Até posso dizer que a única vez que me lembro que esse valor esteve normal foi numa altura em que eu estava com uma alimentação HORRIVEL.

Agora que escrevi este post... vou copiar o seu link e levá-lo comigo sempre que for ao médico. Assim evito esta sensação de disco riscado.

quarta-feira, 22 de outubro de 2014

Só para que fique registado....

Por causa deste post e da actual situação com a Renée Zellweger, quero aqui esclarecer que eu não fiz nenhuma operação plástica, ok?

Eu sei que a Renée também veio dizer que não fez.... mas com as alterações que ela tem, desculpem mas estou no meu direito de não acreditar.

Antes
Depois

[fui buscar uma foto do antes onde ela até está magra e, parece-me, ainda não tinha feito alterações... há muitas fotos que, nitidamente, foram "intermédias"]

terça-feira, 21 de outubro de 2014

Dias

Há dias em que, sem percebermos muito bem porquê, parece que custa até para respirar.
Ouvir o despertador tocar, pegar nele para o desligarmos, mexer os pés e as pernas para sairmos da cama... só com estes pequenos movimentos temos a sensação de que estamos a tentar mover uma montanha que não mexe nem um milímetro.
Nestes dias há que combater a inércia e levar a vida sem pensar no que não nos apetece fazer... sem pensar que preferíamos passar o dia sem levantar a cabeça da almofada.

Depois há os dias em que temos a energia em alta e tudo nos parece fácil de concretizar. Temos pressa e vontade em fazer todas as tarefas que nos propõem e que nós mesmos nos propomos.
Temos força e somos capazes de nos fazer levar ao limite das nossas capacidades físicas e mentais.

Quando nos deparamos com um dia como o descrito em primeiro lugar... há que pensar que os dias seguintes serão como os segundos!

Previsível!

Digo a uma amiga que estou a ver uma determinada série como introdução para lhe fazer um comentário....
Sem ter tempo de fazer o comentário, ela responde de volta "gostaste do L.!"

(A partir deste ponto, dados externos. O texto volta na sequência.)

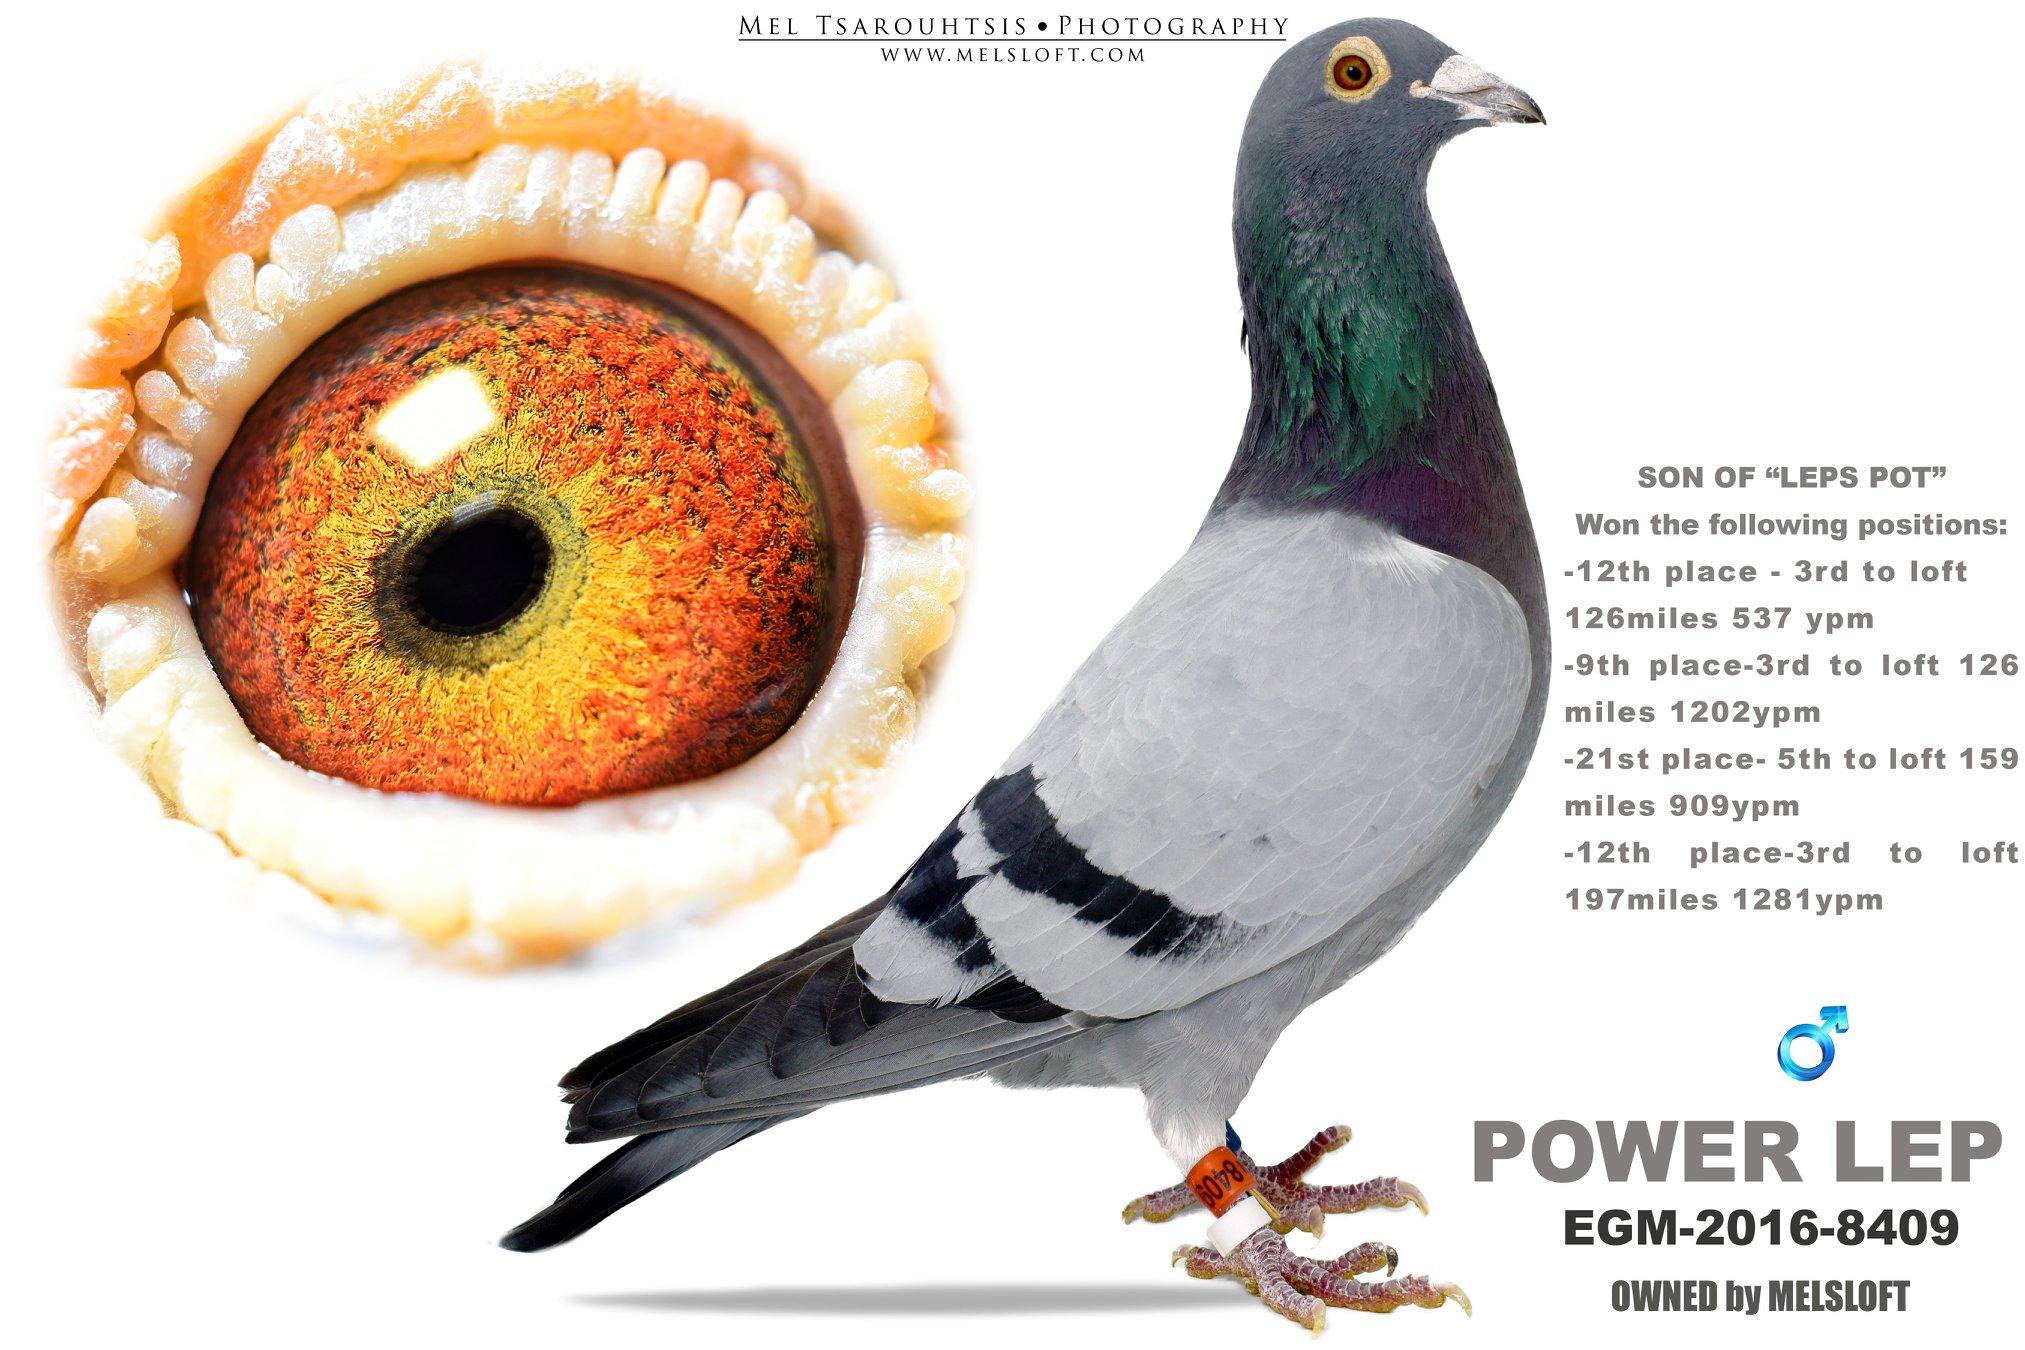 2016 EGM 8409 POWER LEP

Fogo! Sou mesmo previsível! (sim, porque gostei mesmo do L.)

domingo, 19 de outubro de 2014

Numa espécie de descubra as semelhanças

Agosto 2010

Setembro 2014

Valham-nos os registos fotográficos para conseguirmos perceber as mudanças que ocorrem ao longo do tempo... Ver a foto de 2010 faz-me quase dizer que aquela pessoa não era eu! Mas a verdade é que sou.

Conseguem perceber que até o formato da cara é diferente???? :S

[Rui, desculpa ter usado uma foto em que estou contigo mas as últimas fotografias que tirei foram mesmo as do teu aniversário...]

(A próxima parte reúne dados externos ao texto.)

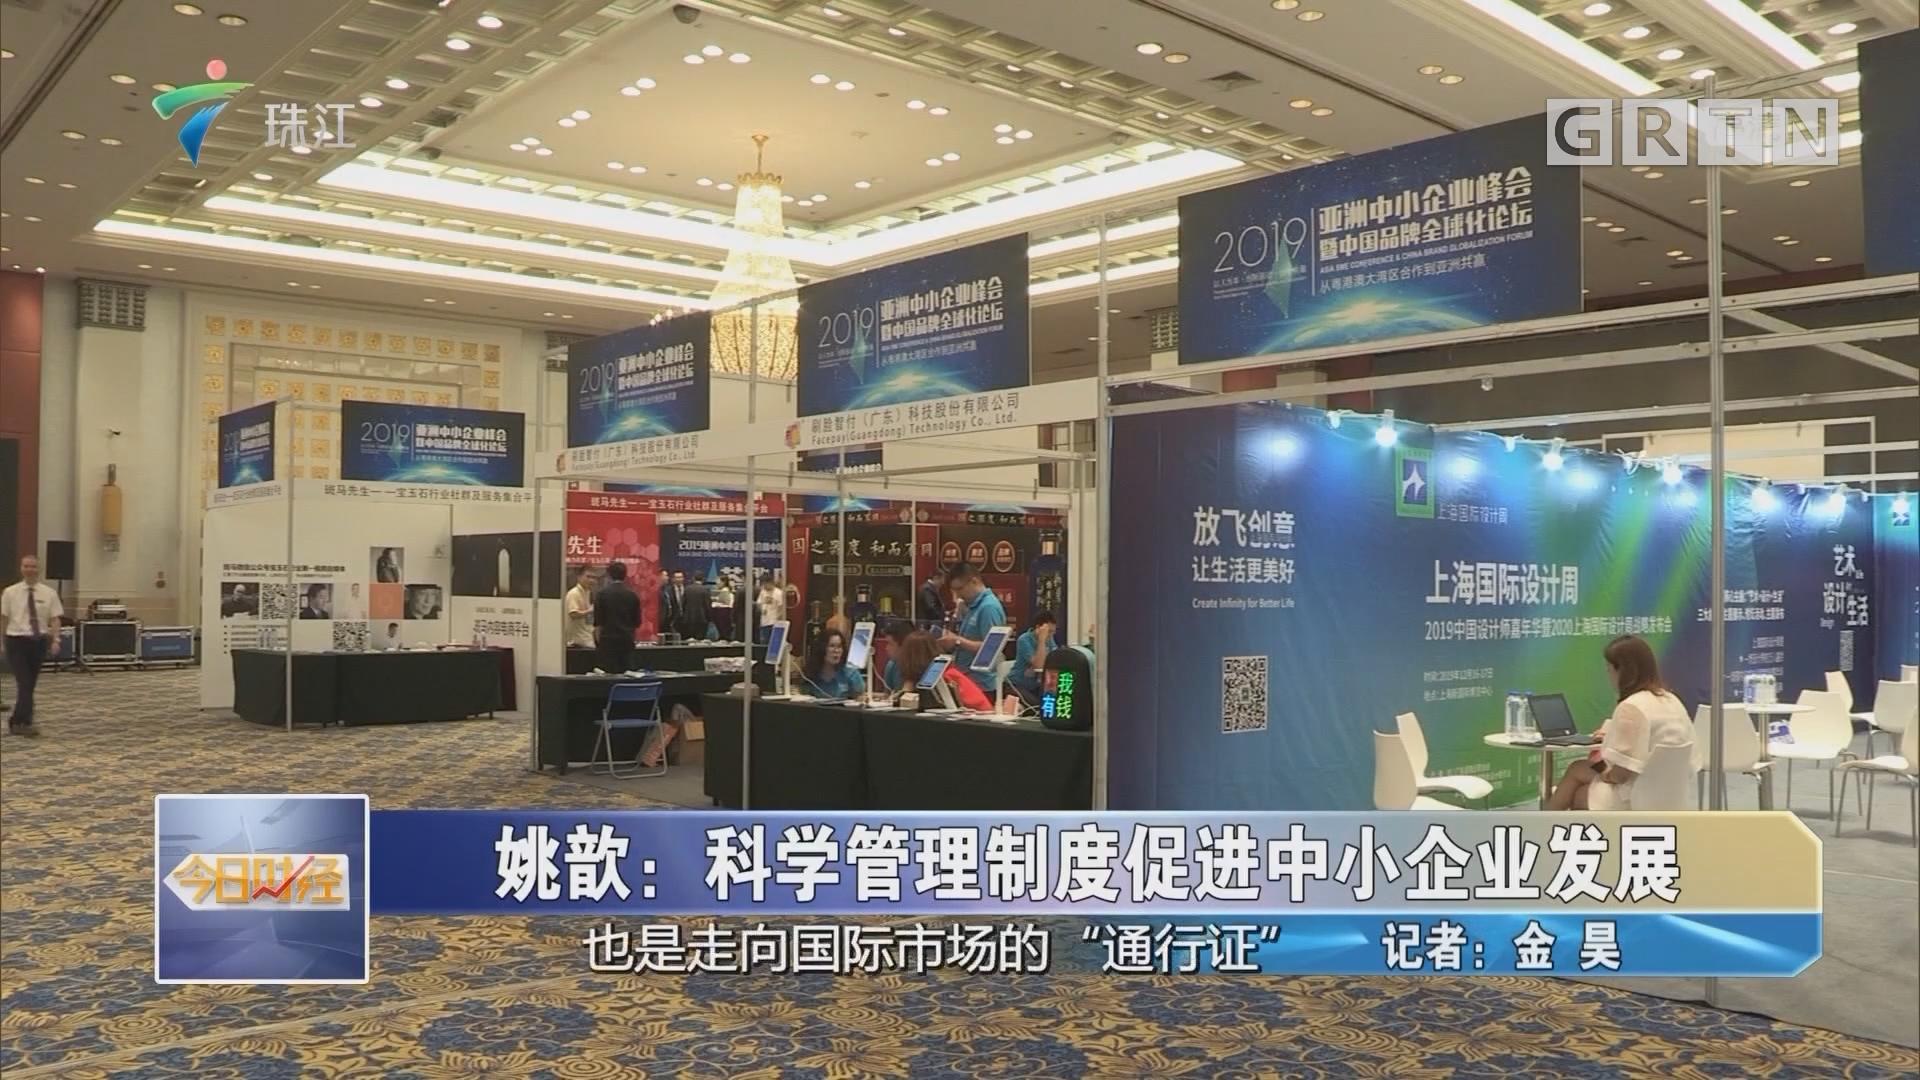 姚歆:科学管理制度促进中小企业发展

terça-feira, 7 de outubro de 2014

Paixões

Sou aquilo que se pode chamar de "late bloomer". Depois dos 30 descobri que tenho paixões que estavam adormecidas. Só me dei conta disso quando sacudi a poeira do esqueleto e comecei a mexer-me.

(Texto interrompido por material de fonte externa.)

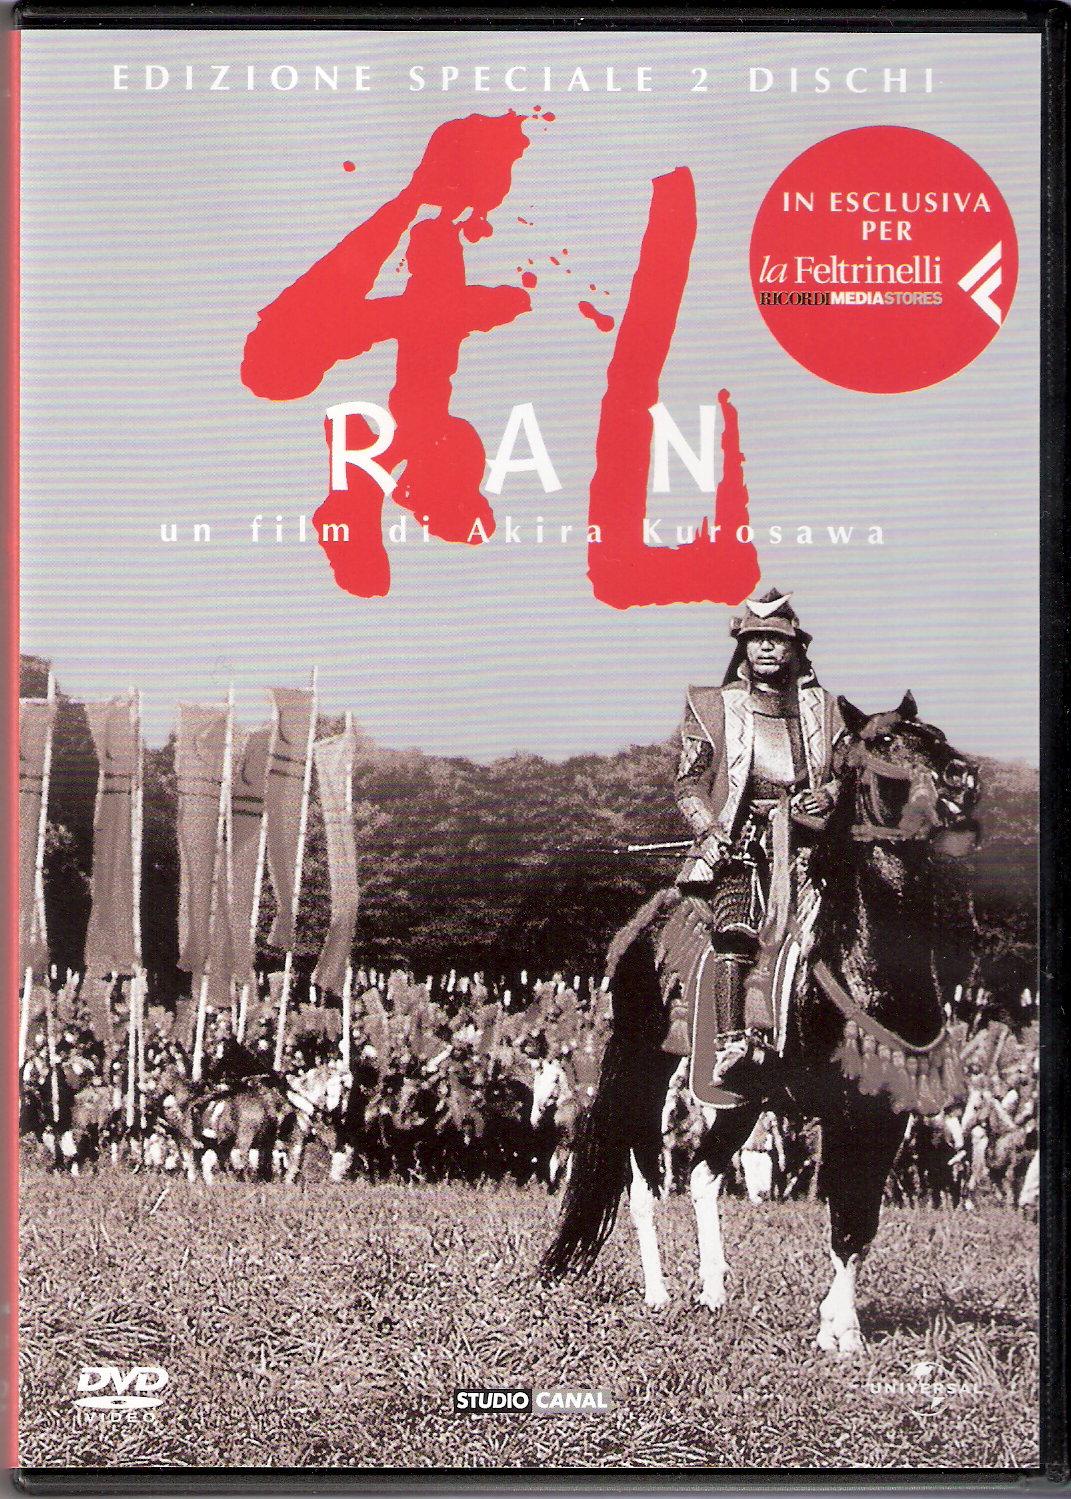 copertina di Ran - Edizione speciale 2 dischi

Uma dessas paixões. Aquela que me faria deixar tudo para trás (se tivesse condições para o fazer) é o teatro. Se me dissessem que me pagavam os estudos, comprava hoje a viagem para Londres.... mas a vida não é assim. Ah! E complementava os estudos de teatro com o canto. Bolas! O que eu gosto de cantar e só descobri já tão tarde. *snif*snif*

A minha segunda paixão (mas esta é mesmo hobby) é a cozinha. Gosto de inventar pratos com os ingredientes que me saem do frigorífico. Ficam sempre feios que até mete dó.... mas saborosos! Ui, ui! Acho que, no dia em que tiver de dividir casa com alguém (se é que algum dia isso vai voltar a acontecer), vou ter um grande problema nessa área.... é que aquilo que eu gosto não é do agrado da maior parte das pessoas. Neste momento estou com um tipo de alimentação que será difícil de conjugar... principalmente se a outra pessoa tiver um gosto muito tradicional.
Aqui, provavelmente, também vem ao de cima a minha alma de química! Gosto de combinar sabores improváveis.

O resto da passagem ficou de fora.